Keywords: microglia, serotonin, hippocampus, BDNF, fluoxetine, neuroinflammation

Introduction

In the adult brain, microglia are the resident macrophages and, as such, a unique cell population interacting with neurons, astrocytes, oligodendrocytes, and the various signaling molecules. Characterized by Iba-1 and CD11b immunoreactivity (expressed in resting and activated cells; Franco and Fernández-Suárez, 2015), microglia exhibit a diverse, dynamic morphology that allows a quick response to changes in the environment. Under physiological conditions, highly branched microglial cells constantly sense the environment to maintain homeostasis, modulate synapse maturation and connectivity, and regulate neuronal activity (Kettenmann et al., 2011). In the hippocampus, in particular, microglia display a vigilant phenotype (Grabert et al., 2016); they take part in learning-dependent synaptic plasticity and neural network excitability, and release of growth factors and neurotrophins, e.g., brain-derived neurotrophic factor (BDNF) (Parkhurst et al., 2013), involved in memory formation. As part of the limbic system, the hippocampus plays a central role in learning, especially in the encoding and retrieval of episodic and spatial memories (Buzsaki and Moser, 2013). Importantly, microglia contribute to the lifelong generation of new neurons in the hippocampus. Set in the dentate gyrus, neural stem cells (NSCs) retain fate plasticity and respond to a variety of local cues and extrinsic stimuli that foster a neuronal fate. Most of the newly generated cells die before maturation into granule neurons (Dayer et al., 2003) as a strategy balancing cell proliferation vs. cell death. In their role in phagocytosis of damaged cells and debris, recent studies attribute non-activated microglia to the control over the neuronal cell pool by removal of apoptotic progenitor cells (Sierra et al., 2010).

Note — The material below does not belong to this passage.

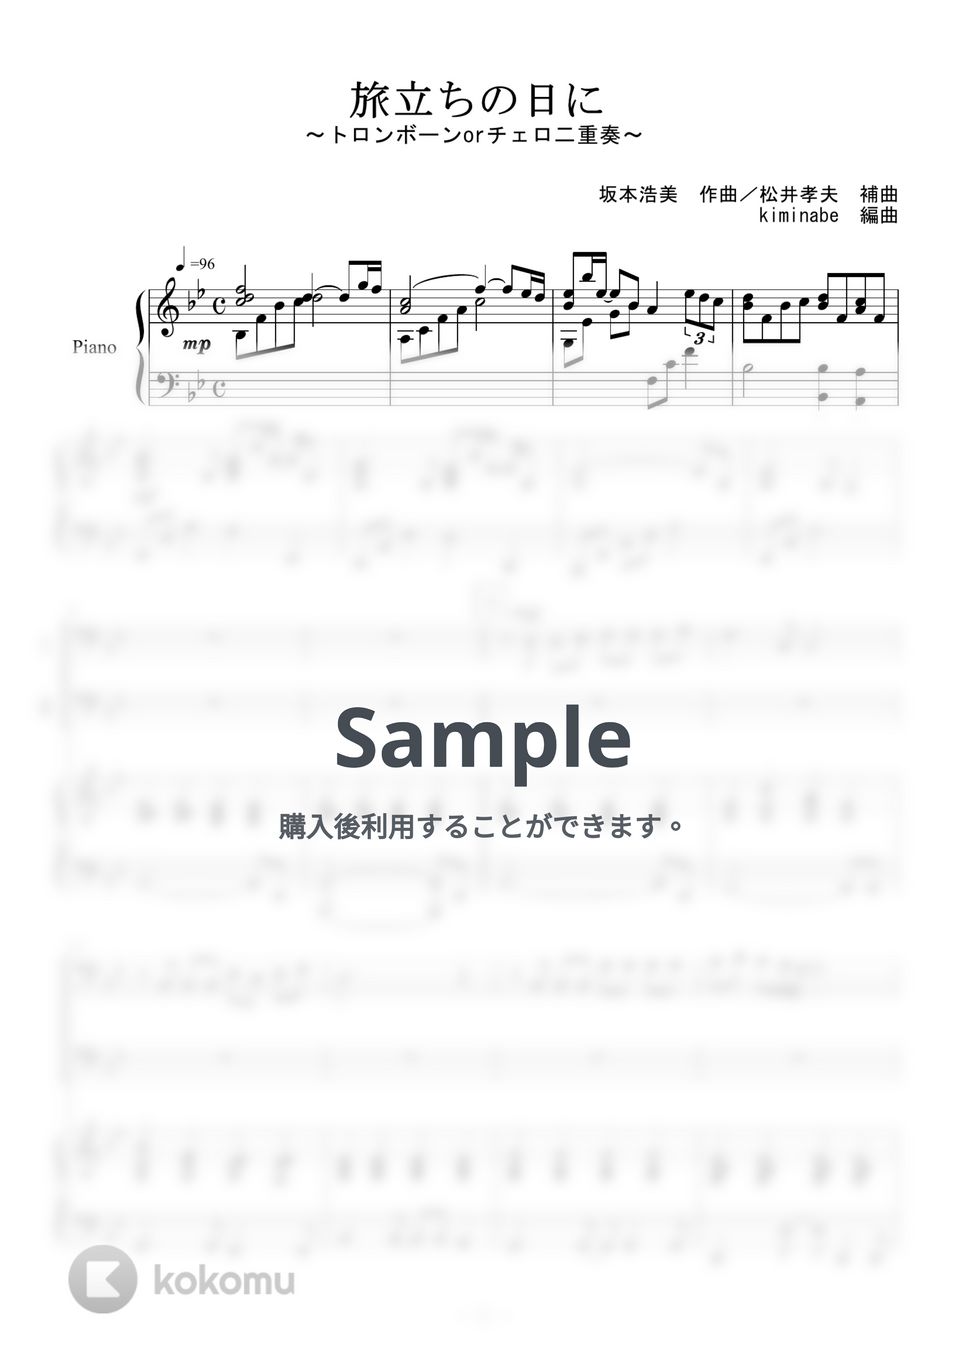 坂本浩美 - 旅立ちの日に (トロンボーンorチェロ二重奏) by kiminabe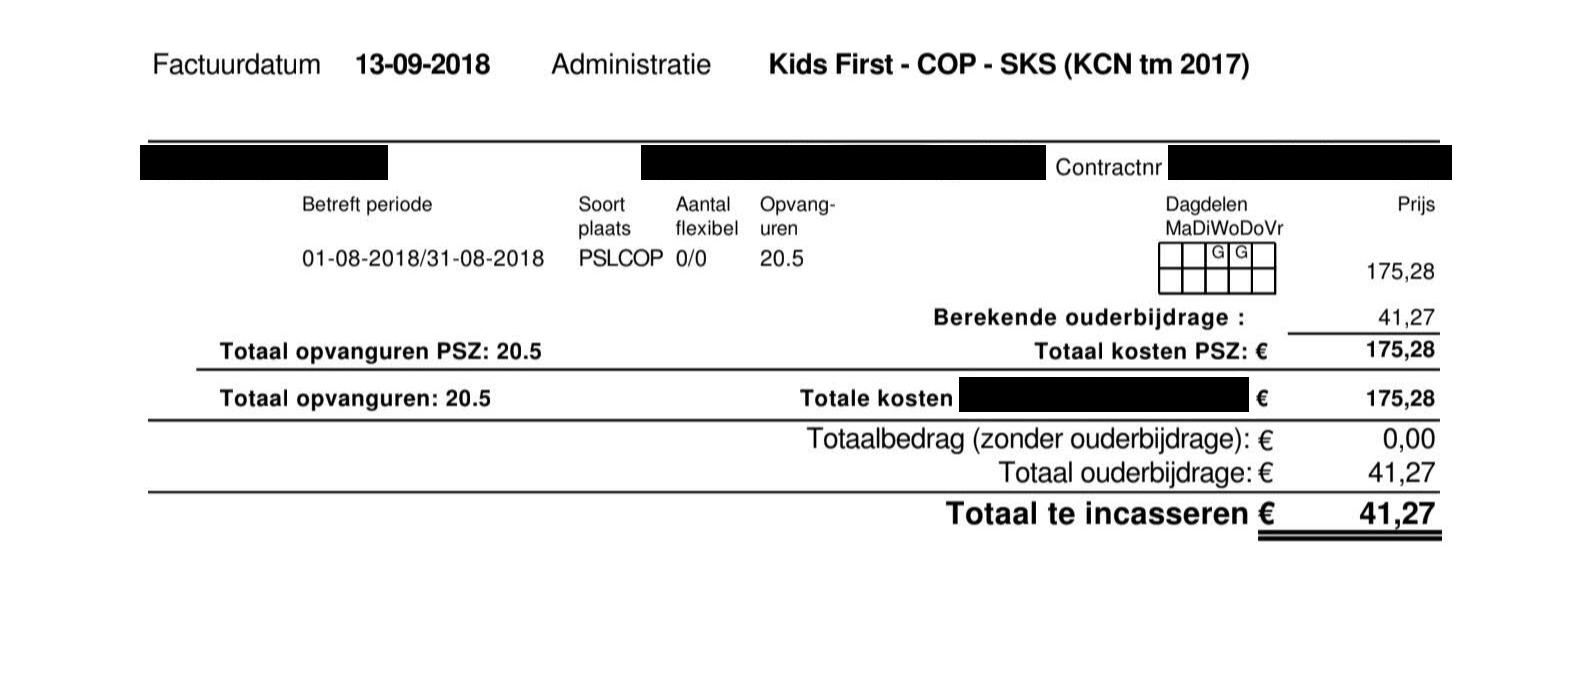 Наш счет на оплату голландского детского сада

A prominent local component of the neurogenic niche is serotonin (5-HT). Modulating both proliferation and survival of newly generated cells, serotonin is a key regulator of adult neurogenesis (Alenina and Klempin, 2015) and, together with BDNF, is involved in antidepressant mechanisms (Mattson, 2008; Molendijk et al., 2011; Kronenberg et al., 2018a). Accumulating evidence from rodent studies and in vitro modeling indicates that microglia interact with local hormones and neurotransmitters by the expression of various receptors (Pocock and Kettenmann, 2007). Among them are metabotropic glutamate receptors, the chemokine fractalkine receptor (CX3CR1) (Sellner et al., 2016), and various serotonin receptor subtypes, particularly 5-HT2B (Krabbe et al., 2012). Expressed on microglia subpopulations (Kettenmann et al., 2011), receptors’ attraction to neuronal secretion of signaling molecules assists surveillance of the microenvironment (Szepesi et al., 2018).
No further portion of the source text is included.